Uncommon Good has a 22-member board of doctors, lawyers and
representatives of Christian groups and is recruiting mentors. One
goal is to get the state Legislature to pass a law to provide loan
forgiveness to medical professionals and lawyers who work with the
poor. Mintie said she hopes her organization can be a national
model for other professions.
She is trying to bring legal aid services to the Inland Valley
-- the closest legal aid office is in El Monte and represents
700,000 poor people throughout the San Fernando, San Gabriel and
Inland valleys.
"Unless the legal aid is in the community, you can't say you are
serving the poor," Mintie said.
Neal Dudovitz is the executive director of Neighborhood Legal
Services of Los Angeles County, the legal aid office in El Monte.

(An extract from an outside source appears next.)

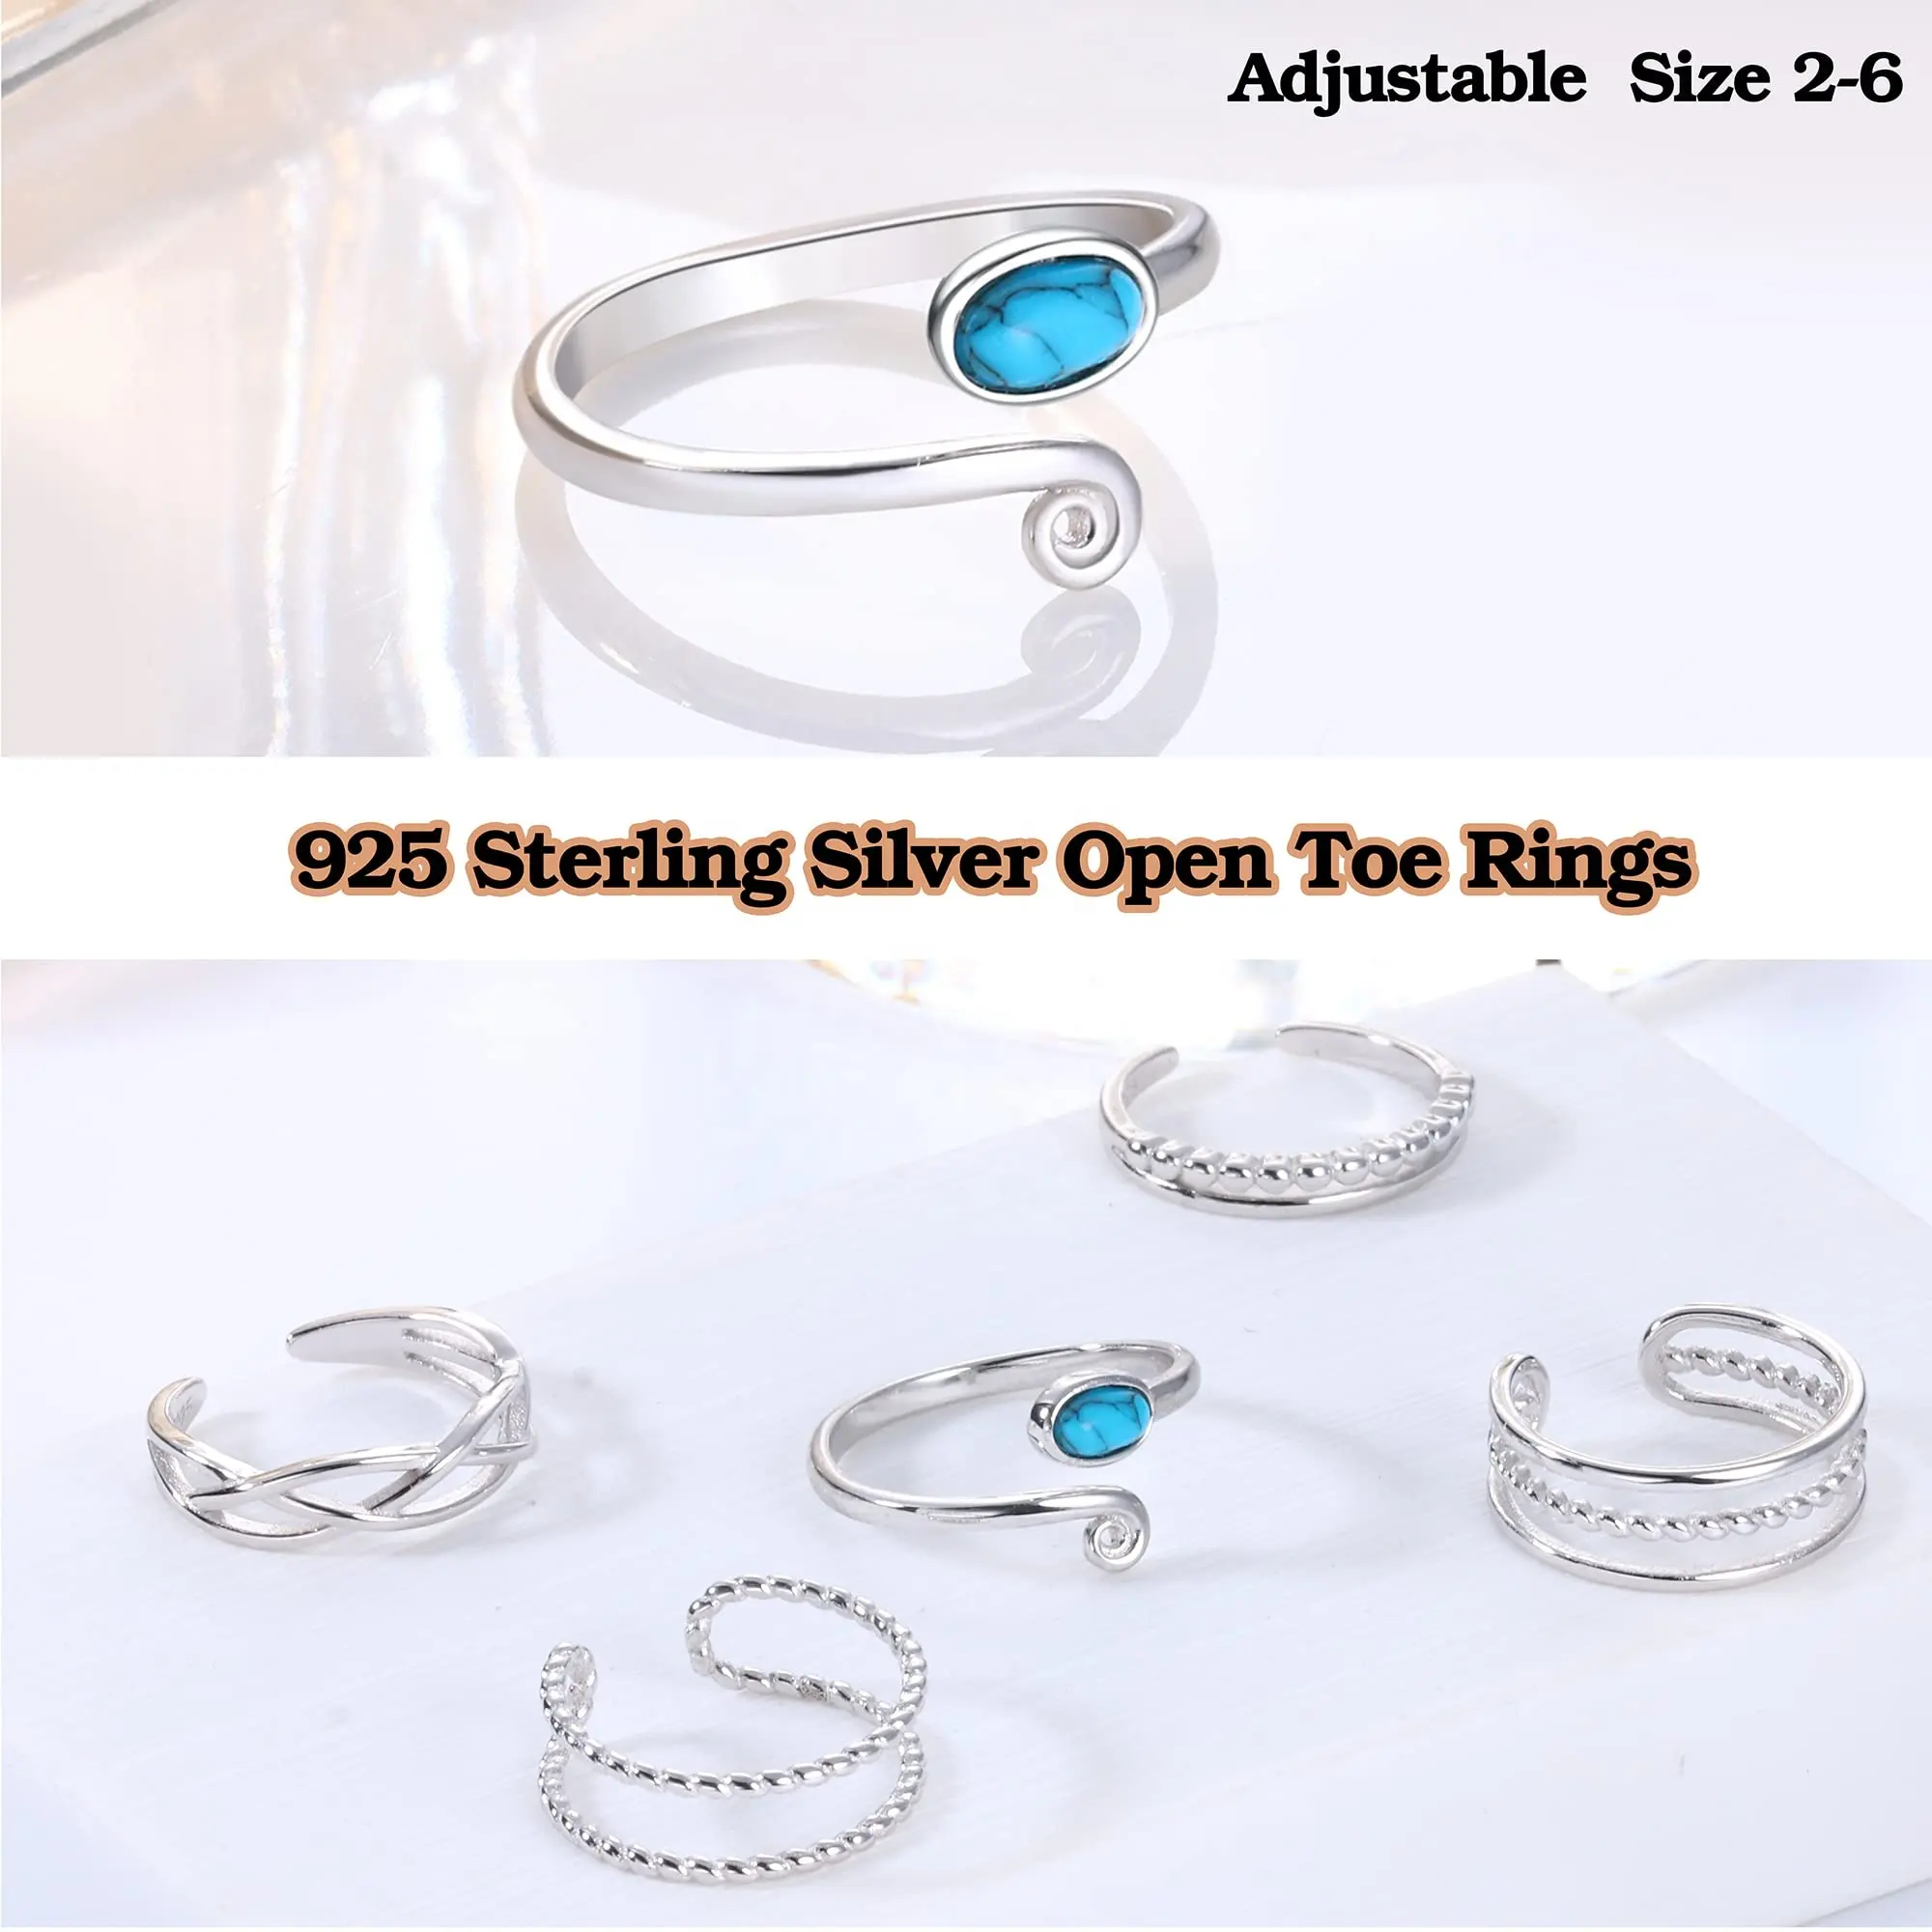 Anneau d'orteil en argent Sterling 925, bijoux de pied, anneau d'orteil ouvert, vente en gros, anneau réglable en argent

He sees attorneys new to poverty law leave all the time because
they can't afford the salary with their law school debt.
"She's really opened a lot of eyes in terms of having people
understand how the educational debt is limiting and reducing the
services that are available to low-income communities," Dudovitz
said. "Nancy is light years ahead of the curve on this stuff. Very
little is being done practically to solve it."
Mintie, her colleagues say, could have made a lot of money in
private practice.
"She's very kind and pleasant," said Julius Thompson, 45, an
attorney at Inner City Law Center and an Uncommon Good recipient.
"But she's also a woman on a mission. When she sets her sights on
something, she's a formidable force."